The fastest major league pitcher throws a ball at 45m/s. If he throws the ball horizontally, how far does it drops vertically on the 18.4m trip to the home plate?

time in air: 18.4/45 seconds

distance fell:1/2 g t^2

So why did you used the equation Vx=Vox-gt for time, instead of the equation X= -1/2gt^2 + Voxt + Xo. I used the second one because of they gave me 18.4 which is the distance traveled in the x-axes? thanks!

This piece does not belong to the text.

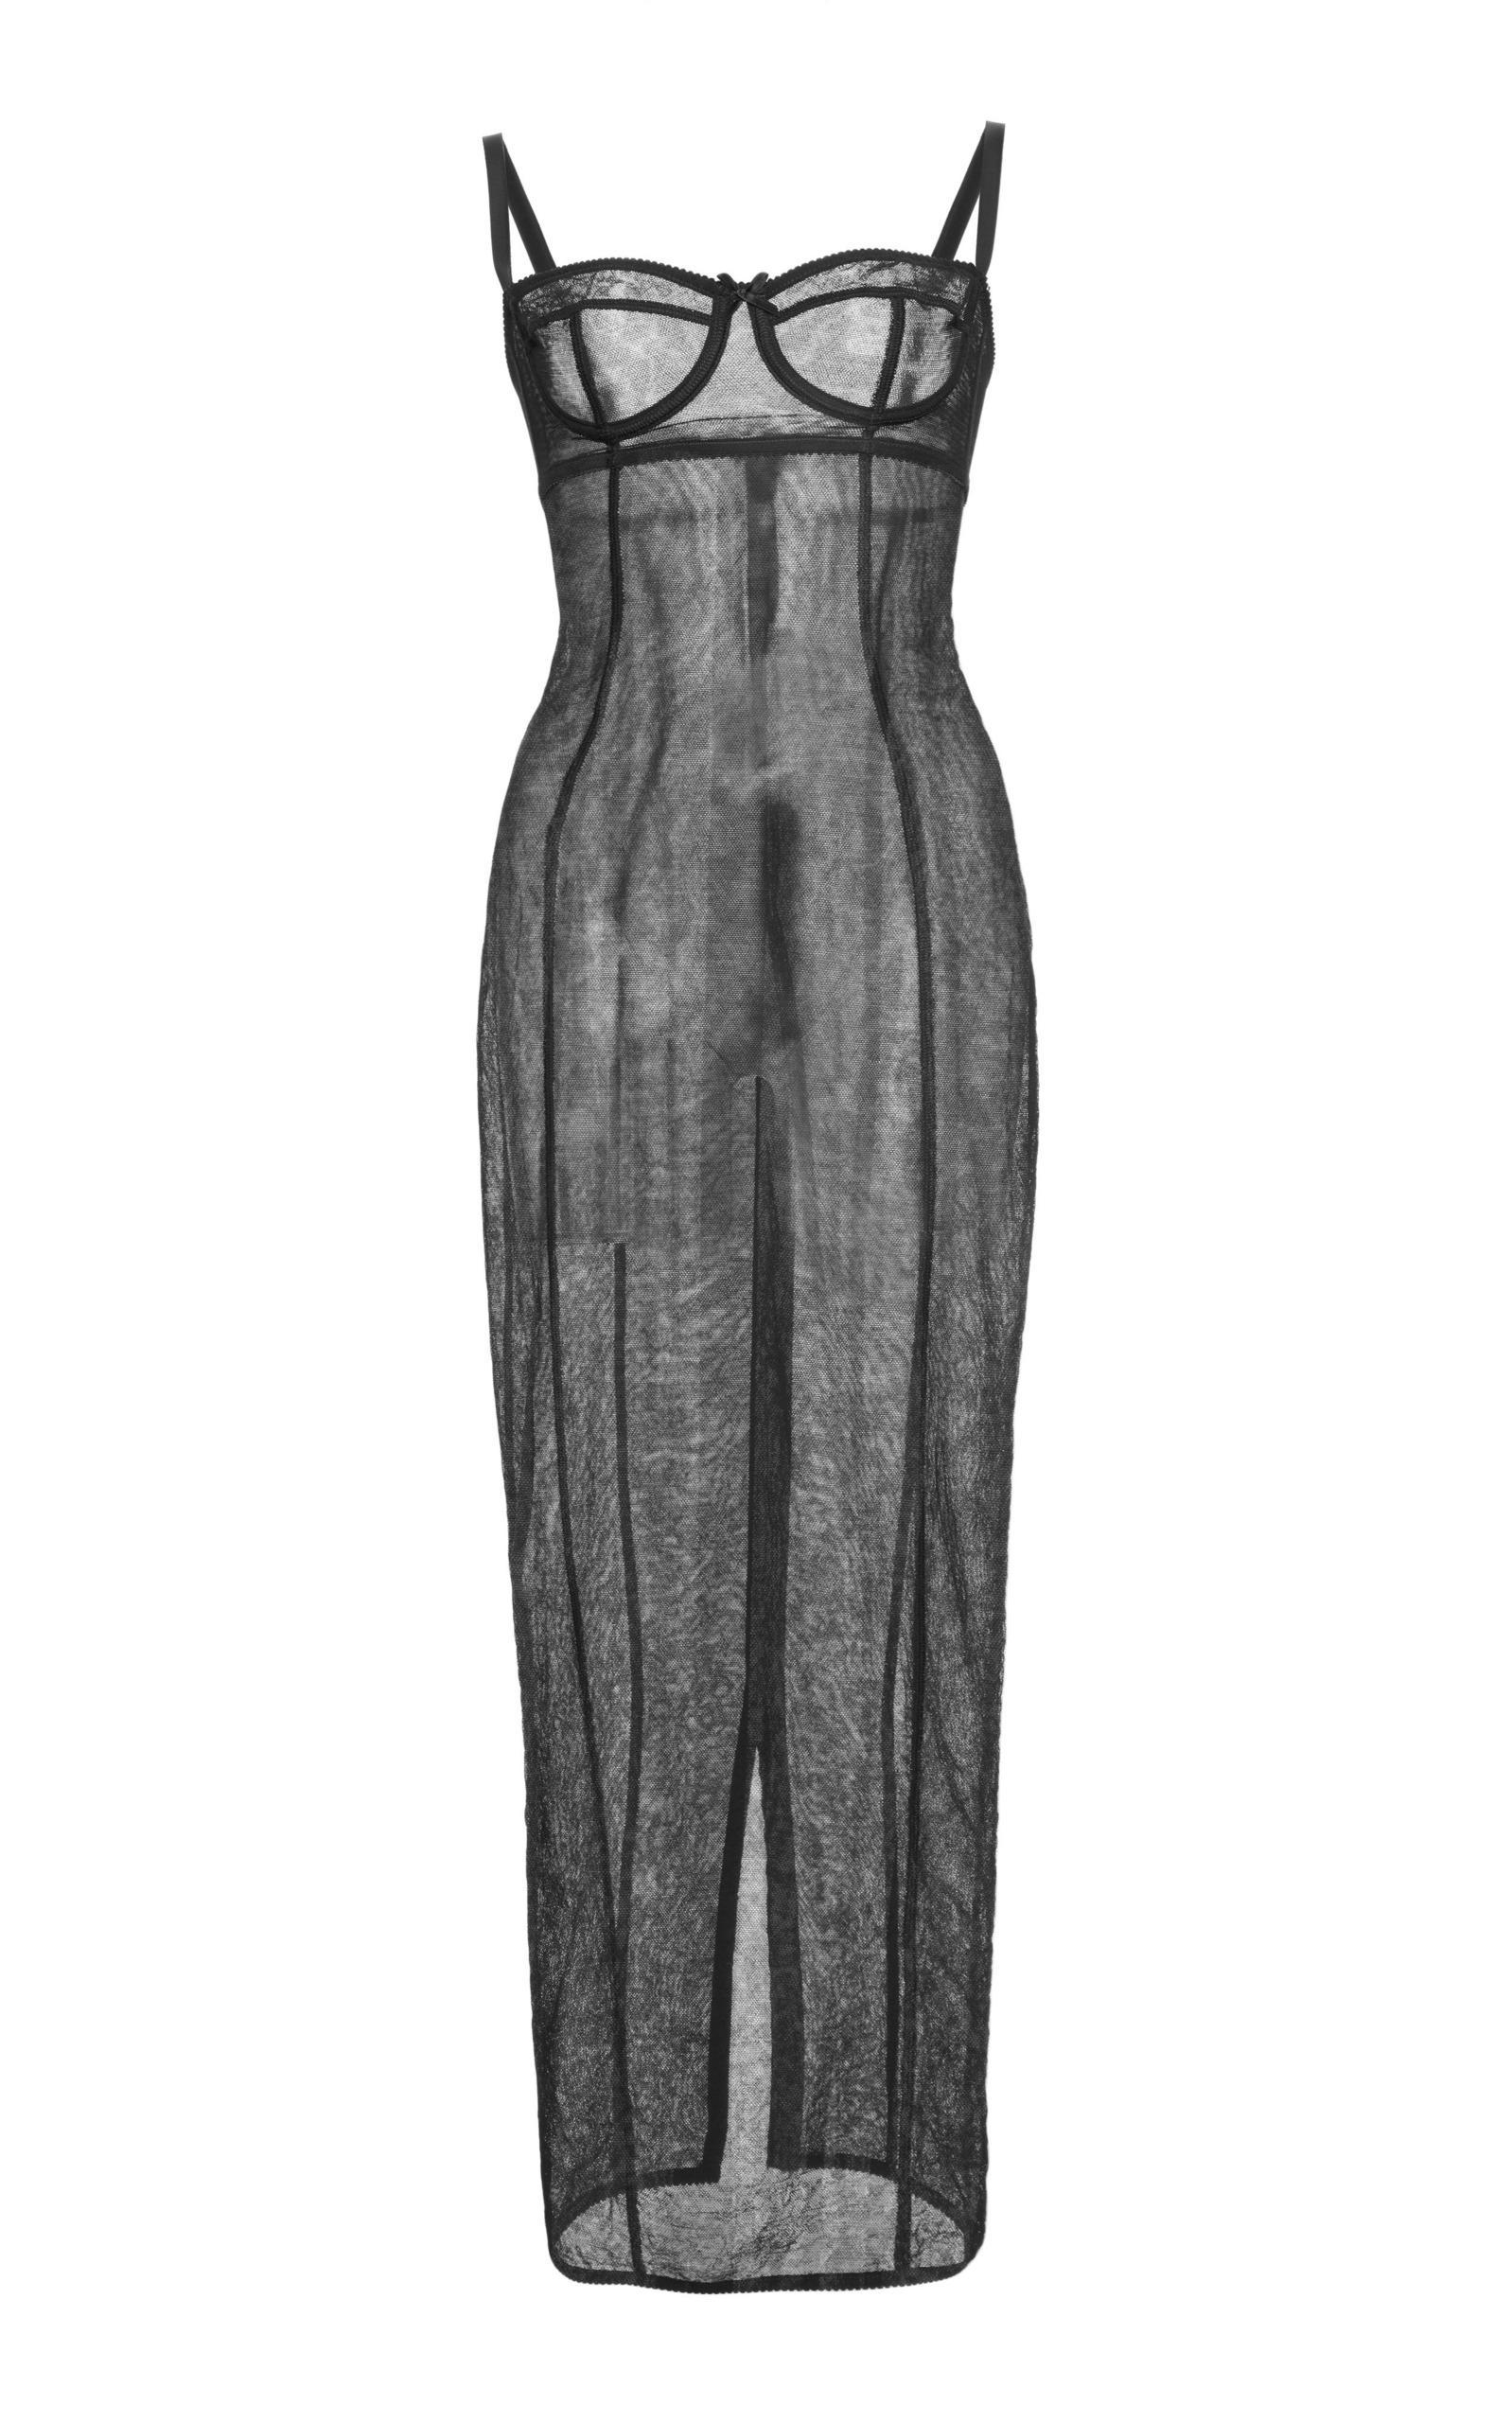 Dolce & Gabbana Ruched Tank Dress In Black

for time in air i got approx. .40s

To determine how far the ball drops vertically during its 18.4m trip to the home plate, we can make use of the equations of motion.

When the ball is thrown horizontally, its initial vertical velocity is 0 m/s. The only force acting on the ball in the vertical direction is the force due to gravity, which causes the ball to accelerate downward at a constant rate of 9.8 m/s^2.

Next, we can calculate the time it takes for the ball to travel the horizontal distance of 18.4m. Since the ball is thrown horizontally, there is no horizontal acceleration. Therefore, we can use the equation:

distance = velocity × time

Rearranging the equation to solve for time, we have:

time = distance / velocity

Substituting the given values, we have:

time = 18.4m / 45m/s = 0.408s

Now, we can determine how far the ball drops vertically during this time. We'll use the equation:

distance = (1/2) × acceleration × time^2

Substituting the values we know:

distance = (1/2) × 9.8m/s^2 × (0.408s)^2 = 0.79m

Therefore, the ball drops approximately 0.79 meters vertically during its 18.4-meter trip to the home plate.